Multiple Small and Medium Banks in China Woo Depositors, Increasing Deposit Rates

In recent news from Epoch Times on February 9, 2026, several small and medium-sized banks in China have raised deposit interest rates, with increases ranging from 5 to 20 basis points. Analysts suggest that this move aims to attract depositors, with small and medium-sized banks going against the trend, sparking a “deposit war”. This news became a hot topic on February 9.

According to a report from “Time Finance” on February 8, since 2026, various small and medium-sized banks have intensively announced rate hikes. Rural commercial banks, village banks, and other small institutions have been the main force behind the increase in deposit rates, with hikes concentrated between 5 and 20 basis points, and terms mainly in the 1 to 3-year range, with some banks setting the minimum deposit threshold as low as 50 Chinese yuan.

An employee of a village bank stated to the media on February 4, “The interest rate has been raised, with a 3-year fixed deposit rate of 1.95%, which is 0.2 percentage points higher than the end of last year, and the promotion will end by the end of March.” Since January 1, the bank has increased rates on certain fixed deposit products, attracting inquiries from many nearby businesses, with the group aged 50 and above showing higher interest as they prioritize capital security and are sensitive to slight interest rate fluctuations.

A staff member at Inner Mongolia Rural Commercial Bank mentioned that the rate hike promotion for their special deposit products will end on February 28.

Following these rate hikes at banks, rates for one-year deposits are around 1.5%, 3-year deposits are around 1.95%, and 5-year deposits generally exceed 2.0%. These rates are relatively high compared to similar products in the market. Customers with substantial deposits starting from 200,000 yuan have become a key target for banks to compete for. However, most banks have focused the rate hikes on products with terms between 1 to 3 years, with fewer offerings for a 5-year term.

Recent deposit rate hikes have mainly focused on city commercial banks, rural commercial banks, village banks, while major state-owned and nationwide joint-stock banks have not participated.

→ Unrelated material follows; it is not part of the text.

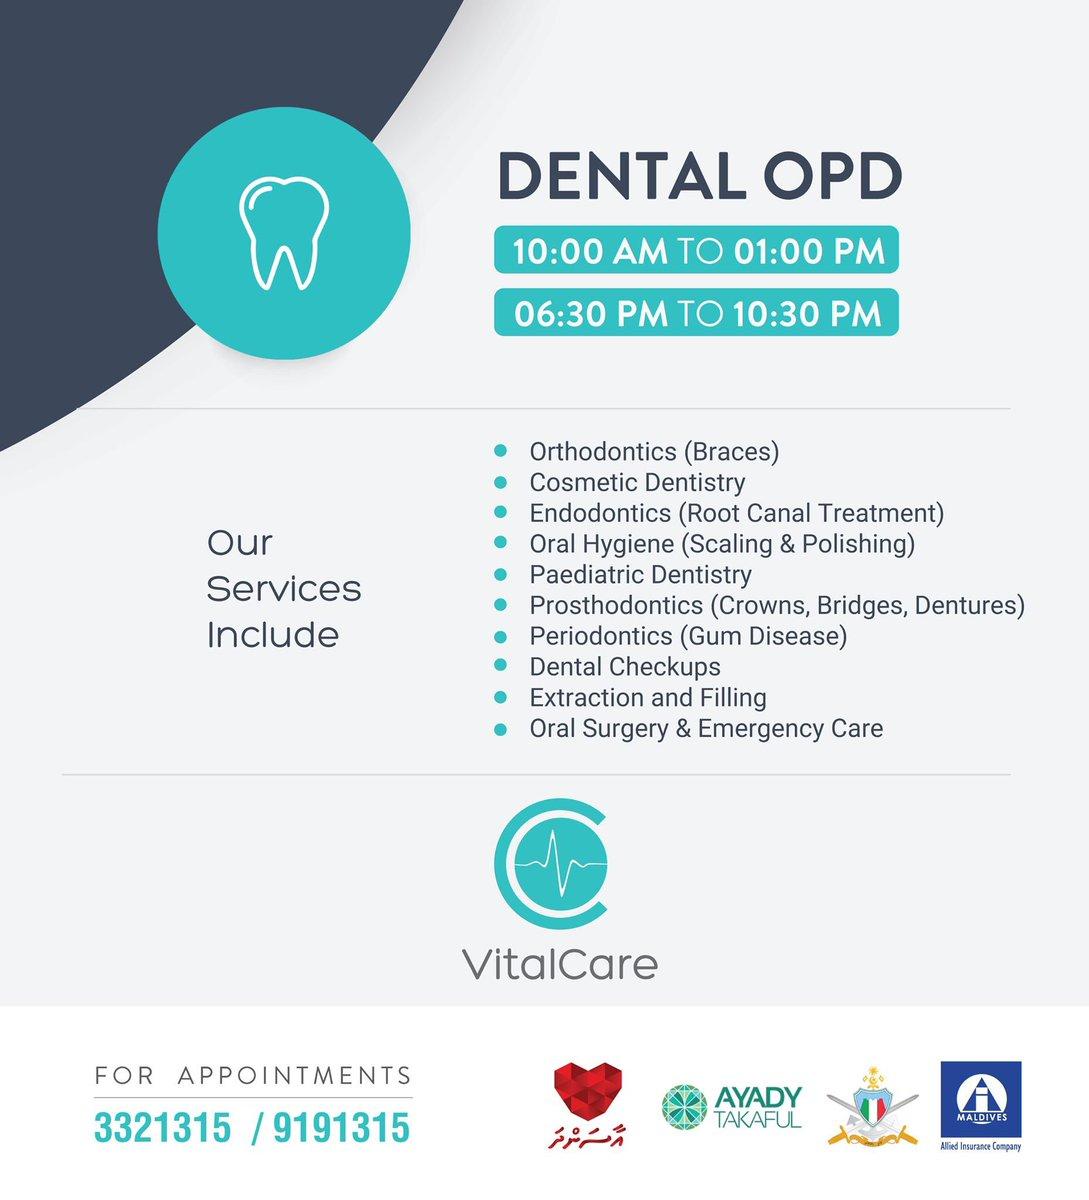 Dentistry In Maldives

Citing a report from “Hunan Daily” on February 8, a personal finance department head from a city commercial bank in East China analyzed that this is a phased strategy to attract customers. “Most customers of small and medium-sized banks have weak client bases, high reliance on deposits, and as the early year is a crucial period for bank loan disbursements, stable liability funds are needed. Some banks are attracting customers by temporarily raising deposit rates.”

Researcher Lou Feipeng from China Postal Savings Bank analyzed for “Time Finance” that due to the high reliance on deposits and a large scale of regular deposits maturing in 2026, a certain rate advantage is needed to stabilize the deposit size. However, if small and medium-sized banks continue to raise rates, it will intensify net interest margin pressure.

Dong Ximiao, Chief Economist at Zhongjun Finance, also believes that currently, commercial bank net interest margins are still at historically low levels, with the vast majority of banks lacking the space and possibility to continuously increase debt costs.

The recent increase in deposit interest rates by many small and medium-sized banks in China is a counter-trend move. Since the beginning of last year, many Chinese banks have gradually lowered deposit interest rates, with rates on most banks’ fixed-term deposits falling below 2%. In November 2025, the five-year fixed-term deposit, once considered a savings cornerstone, was removed from the product lists of many banks, including the six major state-owned banks in China, and even the three-year term products began to disappear, leaving only one-year term large-denomination certificates of deposit.

American economist David Huang told Epoch Times that the removal of long-term high-interest deposits by banks is not a single operation but a sign that the “structural profit model is in trouble”. This signals that the Chinese banking system is being forced to take self-rescue measures.